Зачет по выживаемости — страница 24 из 64

— Это были женщины?

— Уж поверь мне, я смогу отличить…

— Ну, понятно, — пробормотал Гриша. Некоторое время он молчал, потом обнаружил, что грызет ноготь на мизинце. Ноготь был грязный, полуоторванный, когда он цеплялся за уступы на вертикальной стене. Только сейчас Гриша обратил внимание на свои руки. Кисти были исцарапаны, пальцы в мелких занозах. «Это когда я хватался за лианы». Гриша представил, как на его месте могла бы оказаться девчонка из выпускной группы, ну, например, та же Ленка Галактионова, но представлялось как-то слабо. Хотя Ленка, безусловно, была боевой девчонкой. Чего только стоили ее пять раундов, которые она продержалась на спор с прошлогодним призером в стиле до-шин-кан Игорем Поперечным по прозвищу Железный Дровосек. Да, если б раундов было побольше, Игорь, в конце концов, зарубил бы одним из своих коронных ударов гибкого и подвижного, как капелька ртути, противника, но вообразить Ленку на вертикальной стене, в течение четырех часов карабкающуюся навстречу ливню и стремительно наступающим сумеркам или катапультирующуюся из обреченной «Совы», не очень-то получалось.

— Женщины во все времена освобождались от зачета, — пробормотал Гриша. — Всем девчонкам, которые заканчивали Европейские Астрошколы, в конце пятого курса автоматически присваивалось звание пилотов-стажеров. И так, насколько я знаю, и в других школах.

Помолчали. Пять лет учебы в Днепропетровской Астрошколе девушки наравне с ребятами обучались всем премудростям науки выживать. В любых условиях, несмотря ни на что. Но для девчонок это был, скорее, теоретический курс. Часов практики по выживаемости у девушек было гораздо меньше. Ни о каких антарктических полигонах девчонки слыхом не слыхивали, разве кто-то из парней мог им ненароком похвастаться. Весь цикл по выживаемости для девушек заканчивался на последнем курсе в апреле где-нибудь в отрогах Альп, где инструктора у них принимали пеший маршрут, а для ребят Альпы становились лишь предварительным этапом выпускного зачета. И уж совсем дико было предположить, что девчонок ни с того ни с сего вдруг, несмотря на многолетнюю отработанную методу преподавания, попытались забросить за сто световых лет.

— Ну? — сказал Юра.

Гриша очнулся.

— Я вот чего не могу понять, Заяц.

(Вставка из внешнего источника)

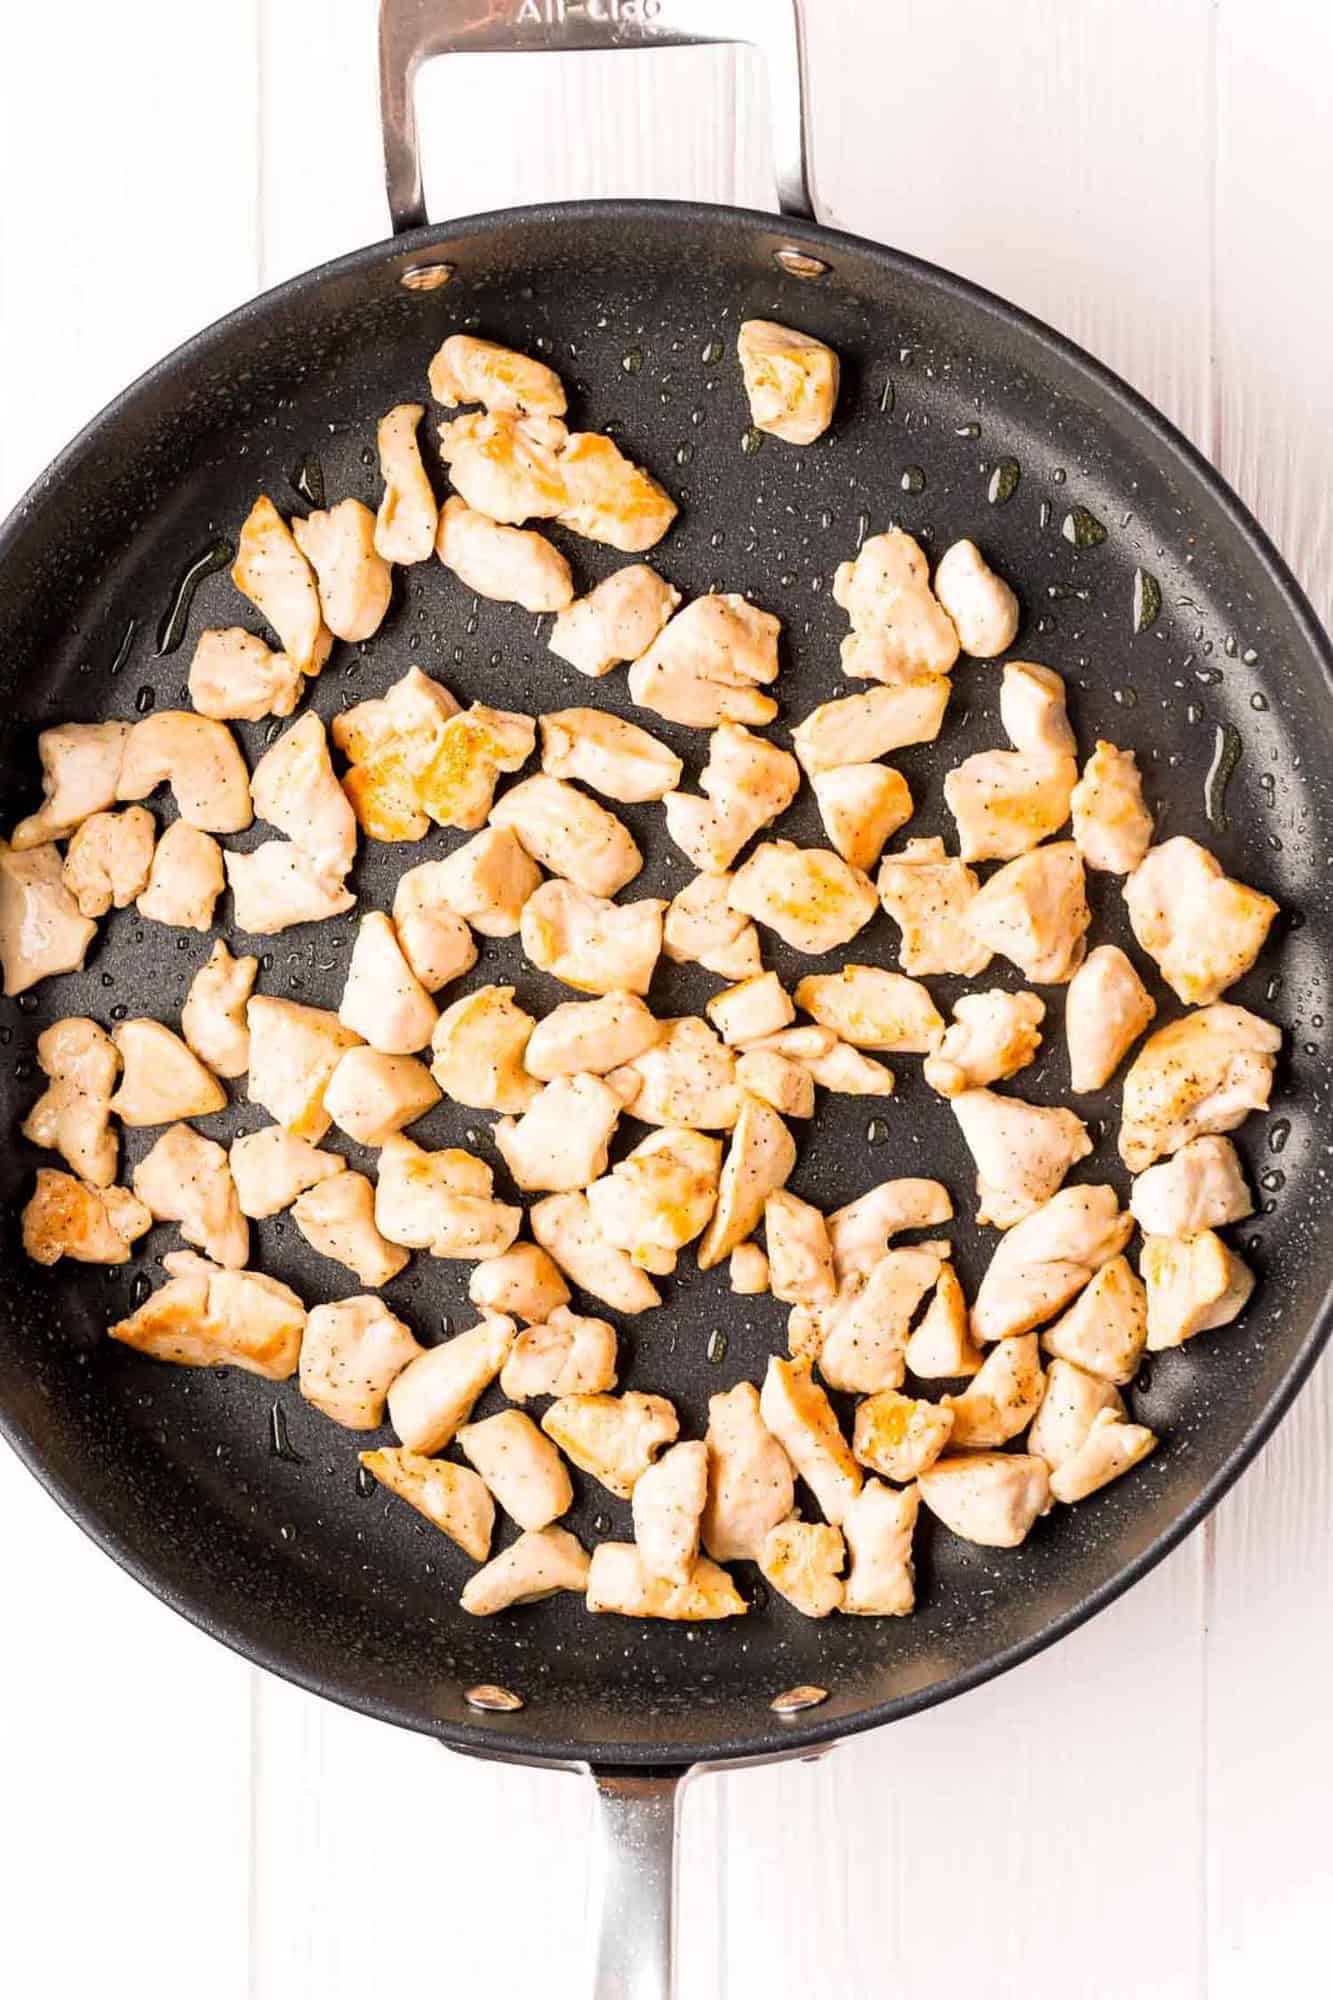 Cooked chicken pieces in a large black skillet.
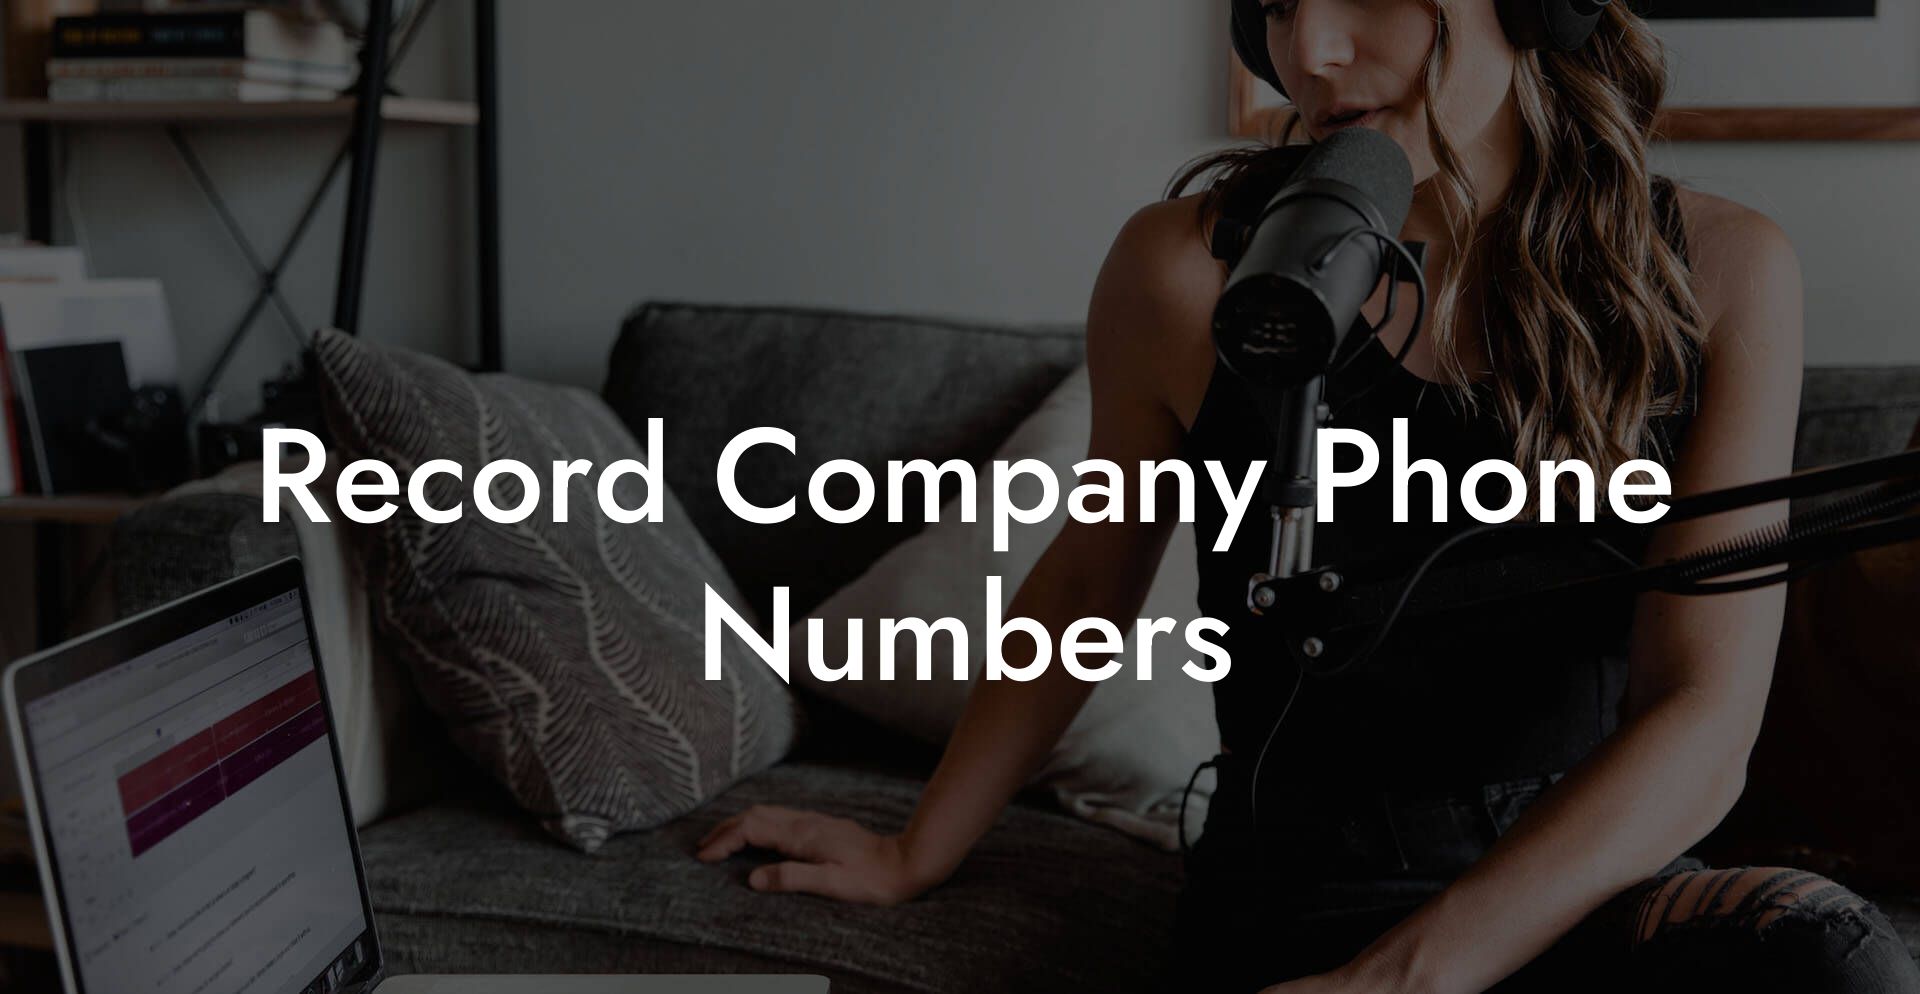 Record Company Phone Numbers

Ведь ты был смертельно напуган, когда встретил меня в тамбуре. До такой степени, что готов был продырявить мне живот из бластера. А ведь ты отнюдь, прости меня, не трус.

Юра опустил глаза.

— А как бы ты чувствовал, если бы на тебя вдруг с дерева, — Юра запнулся… — Не знаю, возможно, в темноте они приняли меня за кого-то другого.

— За кого это?

— Понятия не имею.

— И что же произошло?

Юра покусал губу.

— Их было двое? Трое?

Юра Заяц наклонил голову, и стало заметно, что волосы у него на макушке, еще не успевшие просохнуть и влажные, в одном месте значительно темнее и слиплись сосульками. На какое-то мгновение, даже не секунду, долю секунды, Грише вдруг показалось, что он уже видел такую рану, в точности такую, на голове, причем совершенно недавно, но у кого? Рану на голове, вокруг какой-то лес, то ли плавни, кто-то идет куда-то. Фу ты, черт. Никогда раньше память у Гриши не давала сбой. Переутомился? Бесовская ночь…

— Видал?

— Чем это тебя?

— Можешь потрогать.

Гриша Чумаков осторожно раздвинул у Юры волосы на макушке.

— Ого…

— Ну, что там?

Некоторое время Гриша рассматривал неровные вывернутые края рубленой раны, опасаясь, что вот сейчас в глубине увидит желтоватую поверхность черепной кости, но, слава богу, ничего подобного не увидел.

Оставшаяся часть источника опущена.